Let $(a_n)_{n=0}^\infty$ be a non-decreasing sequence of non-negative reals. Let $f,g\colon[1,\infty)\to\Bbb R$ be given by $$\begin{align}f(x)&=x+a_{\lfloor\ln x\rfloor}\\ g(x)&=f(e^{\lfloor\ln x\rfloor})\end{align} $$ Then $f$ has the desired property because $$ f(\lambda x)-f(x)\ge (\lambda-1)x.$$ On the other hand, if $1<\lambda<e$ then there are arbitrarily large $x$ with $g(\lambda x)=g(x)$. Hence $g$ does not have the property.

Remains to adjust $a_n$ to achieve $f\sim g$. Note that for $e^n\le x<e^{n+1}$ we have $$g(x)=a_n+e^n\le f(x)<a_n+e^{n+1}=g(x)+(e-1)e^n$$ Hence it suffices to ensure that $\frac{(e-1)e^n}{a_n+e^n}\to 0$, so for example $a_n=e^{2n}$ will work.

Answer 2

As Hagen von Eitzen's counterexample shows, the claim is false. However, it can be salvaged if we assume the stronger asymptotic relation: $$g(x) = f(x) + o(x).\tag{*}$$ Assuming $\lim_{x \to \infty}f(x) \ne 0$ then (*) implies $g \sim f$, since $$\lim_{x\to\infty}\frac{g(x)}{f(x)} = \frac{\lim_{x\to\infty}g(x)-f(x)}{\lim_{x\to\infty}f(x)} + 1 = 0 + 1 = 1.$$ Hagen's counterexample does not satisfy (*), since $$\frac{g(x) - f(x)}{x} = \frac{e^{\lfloor\log x\rfloor} - x}{x} = e^{-\{\log x\}} - 1\tag{^}$$ where $\{\xi\} \in [0, 1)$ denotes the fractional part of the real number $\xi$. The limit of (^) does not exist as $x \to \infty$, because $e^{-\{\log x\}}$ oscillates too much.

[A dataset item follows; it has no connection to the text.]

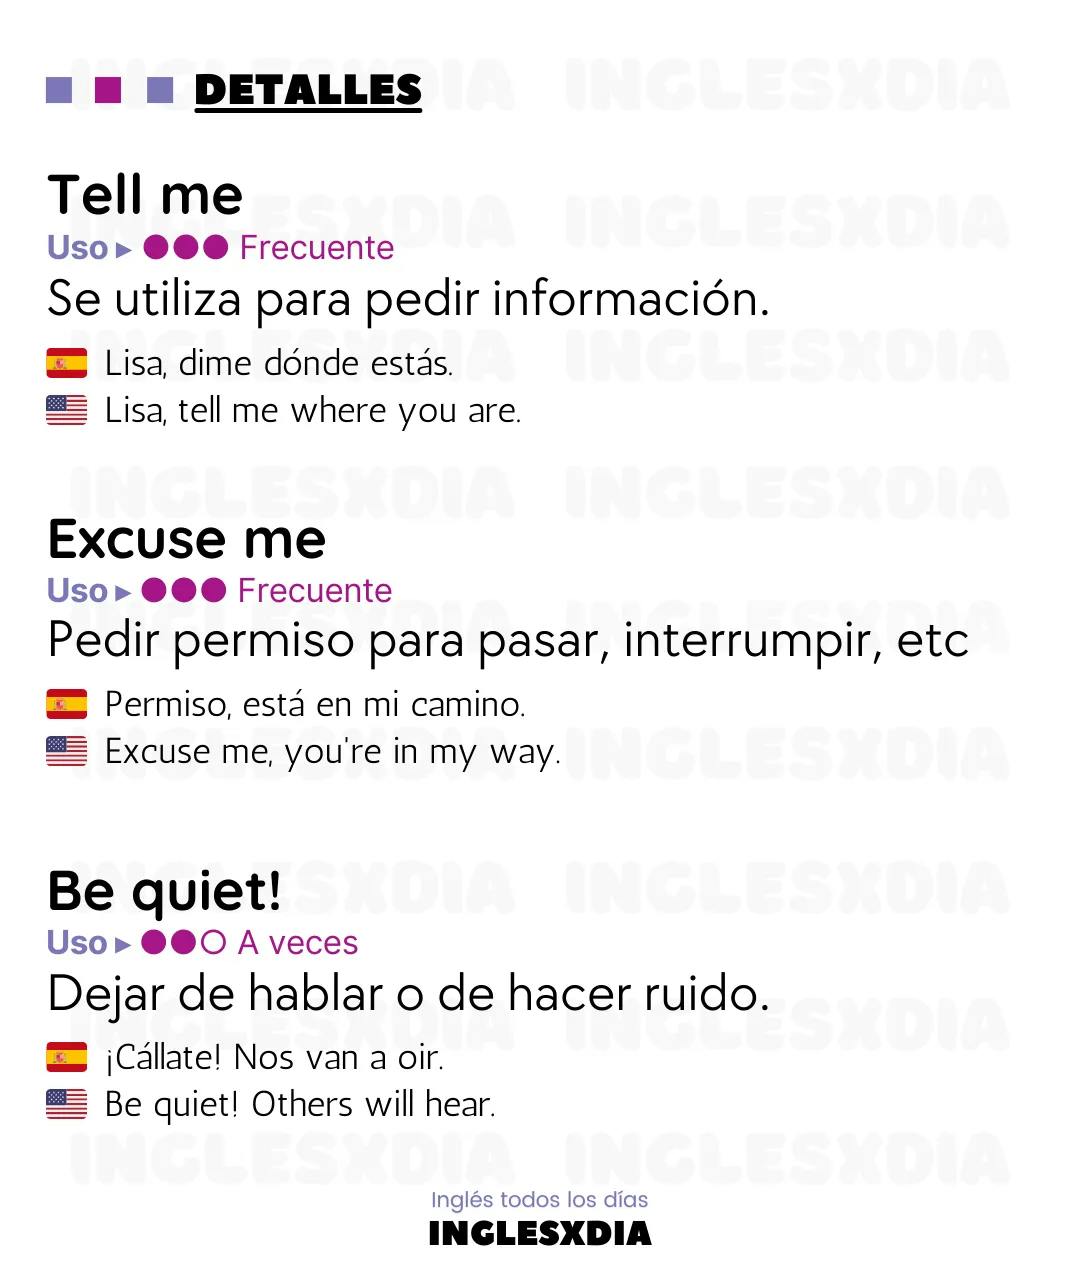 Curso de inglés en línea: frases en inglés y español cortas · Maybe, let's go...

To prove that (*) implies (1), write $g(x) = f(x) + r(x)$ where $\lim_{x\to\infty} \frac{r(x)}{x} = 0$. Let $\lambda > 0$ and get $\eta$ and $x_0$ such that $f(\lambda x) - f(x) > \eta x$ for all $x > x_0$. Then $$g(\lambda x) - g(x) = [f(\lambda x) - f(x)] + [r(\lambda x) - r(x)] > \eta x + x\left[\lambda \frac{r(\lambda x)}{\lambda x} - \frac{r(x)}{x}\right].\tag{3}$$ Now for $\varepsilon > 0$ to be chosen later, let $x_1$ be such that $|r(x)/x| < \varepsilon$ for all $x > x_1$. Since $\lambda > 1$, we have $\lambda x > x > x_1$, so $|r(\lambda x)/\lambda x| < \varepsilon$ also. Thus we can bound below the bracketed term in (3): $$\left[\lambda \frac{r(\lambda x)}{\lambda x} - \frac{r(x)}{x}\right] > -\lambda\varepsilon - \varepsilon = -\varepsilon(\lambda + 1).$$ Hence, for $x > \max\{x_0, x_1\}$, $$g(\lambda x) - g(x) > (\eta - \varepsilon(\lambda + 1))x.$$ We want the coefficient on $x$ to be positive, so we complete the proof by taking $\varepsilon < \eta/(\lambda + 1)$.